> **GIVEN MATERIAL**

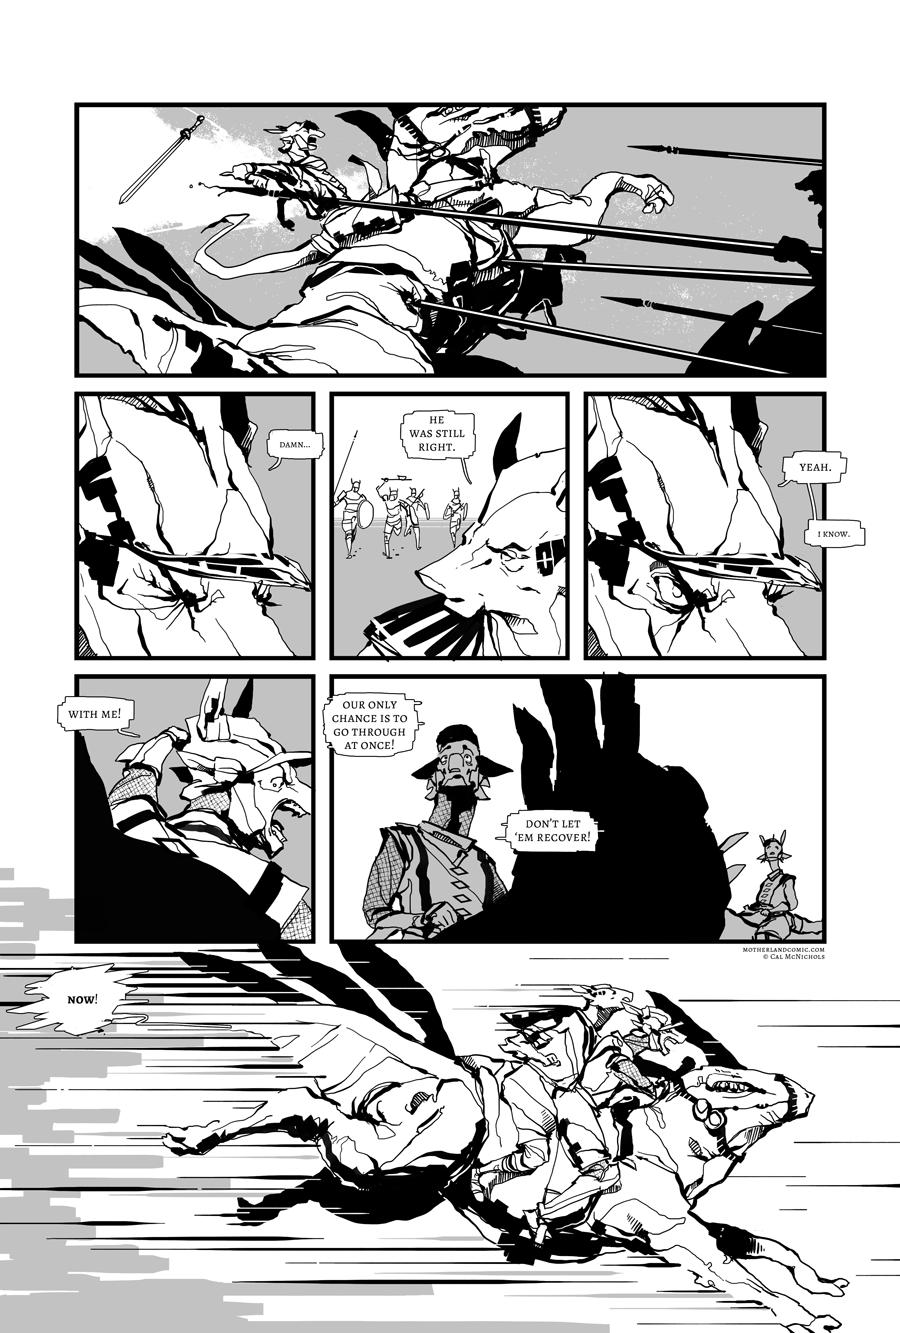 pg 42
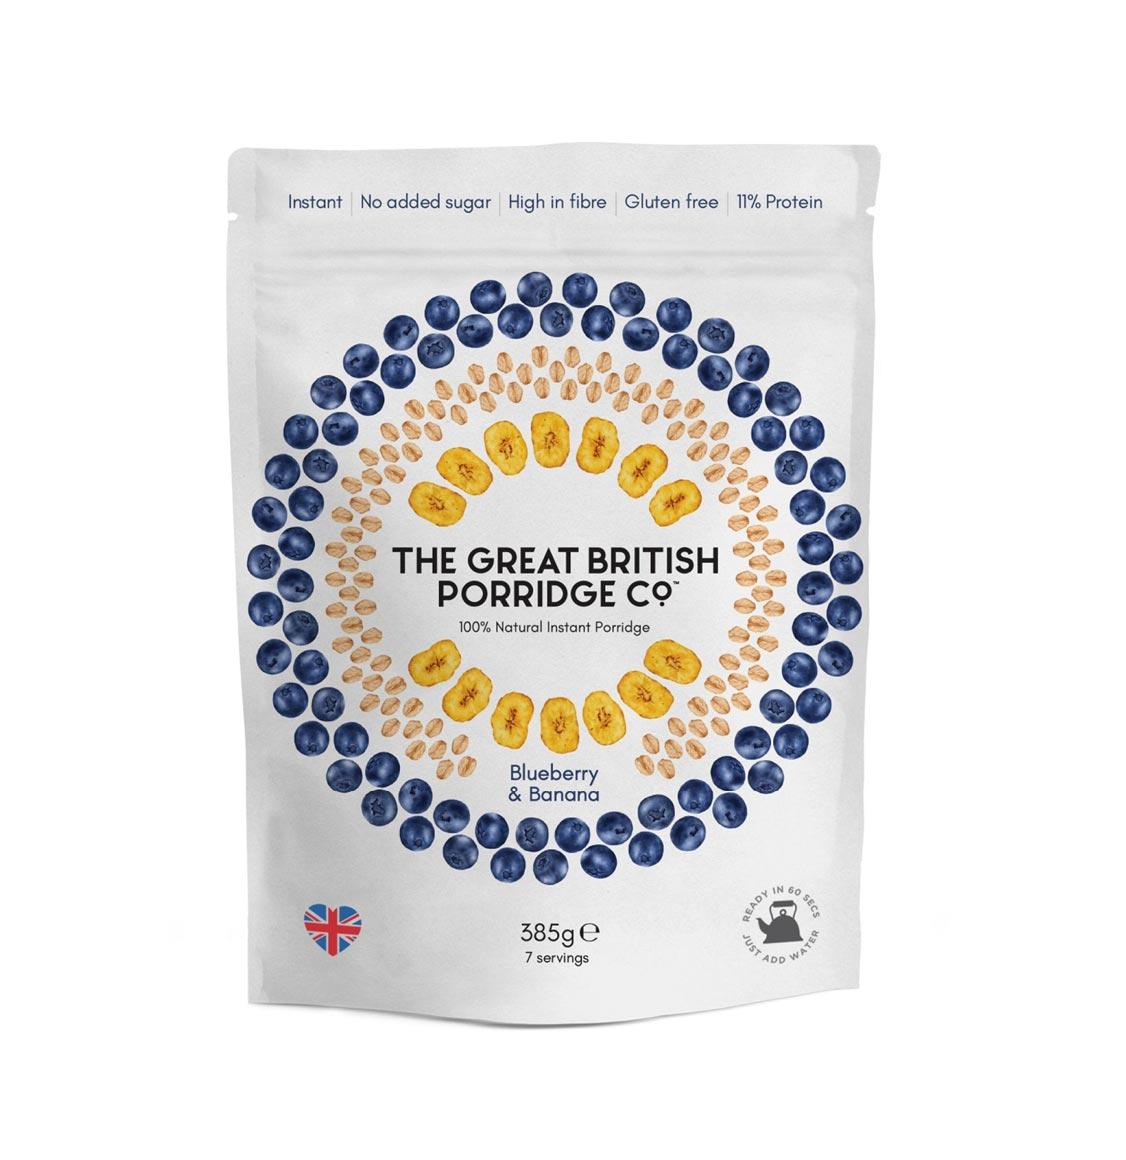 The Great British Porridge Blueberry Banana 385g
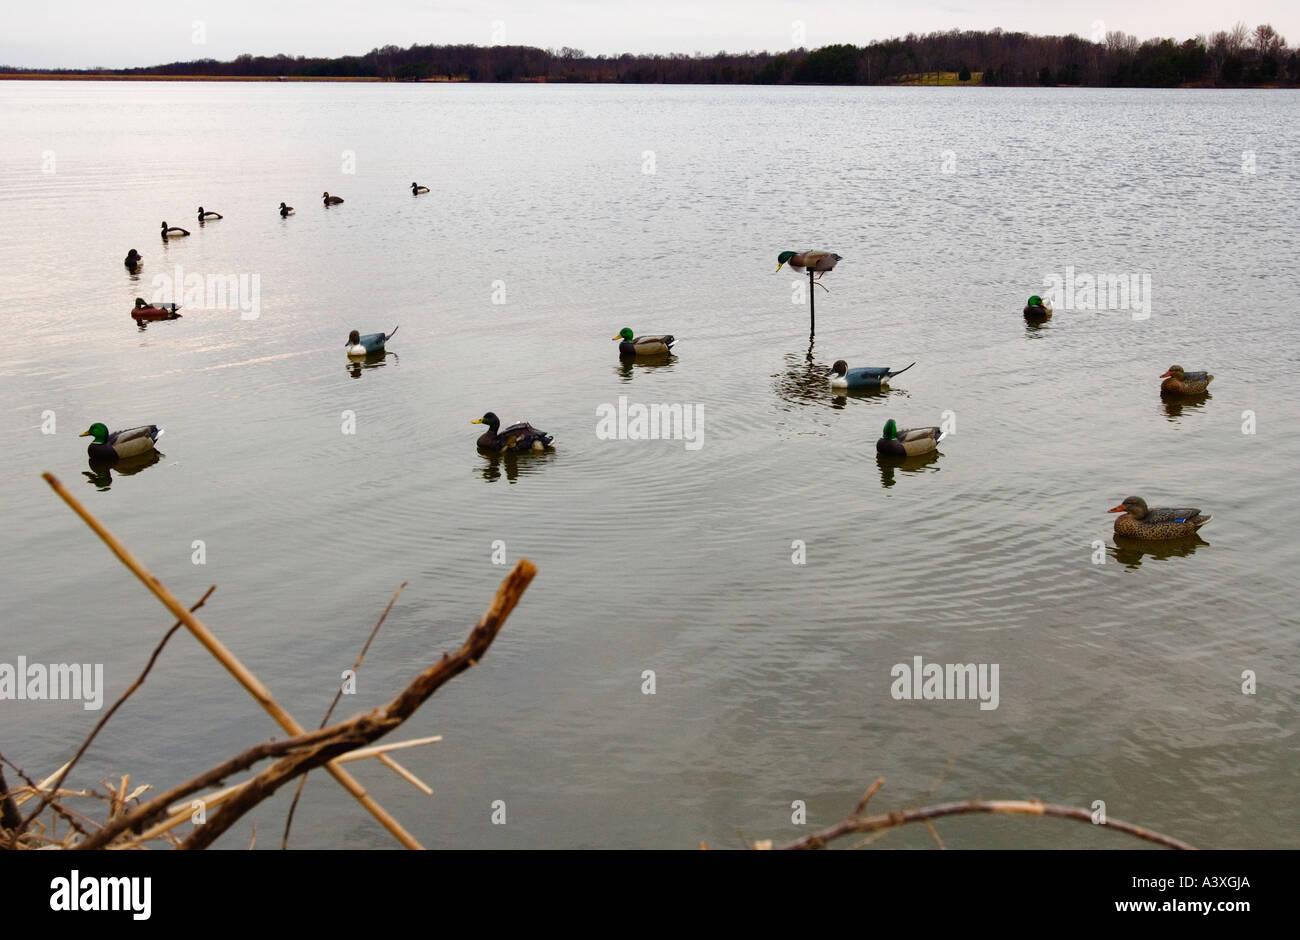 S Blind But He Stockfotos & S Blind But He Bilder - Seite 3 - Alamy

> **YOUR ASSIGNMENT**
Please repeat the data verbatim and leave the pictures out of your copy.

> **FINAL ANSWER**
 pg 42
 The Great British Porridge Blueberry Banana 385g
 S Blind But He Stockfotos & S Blind But He Bilder - Seite 3 - Alamy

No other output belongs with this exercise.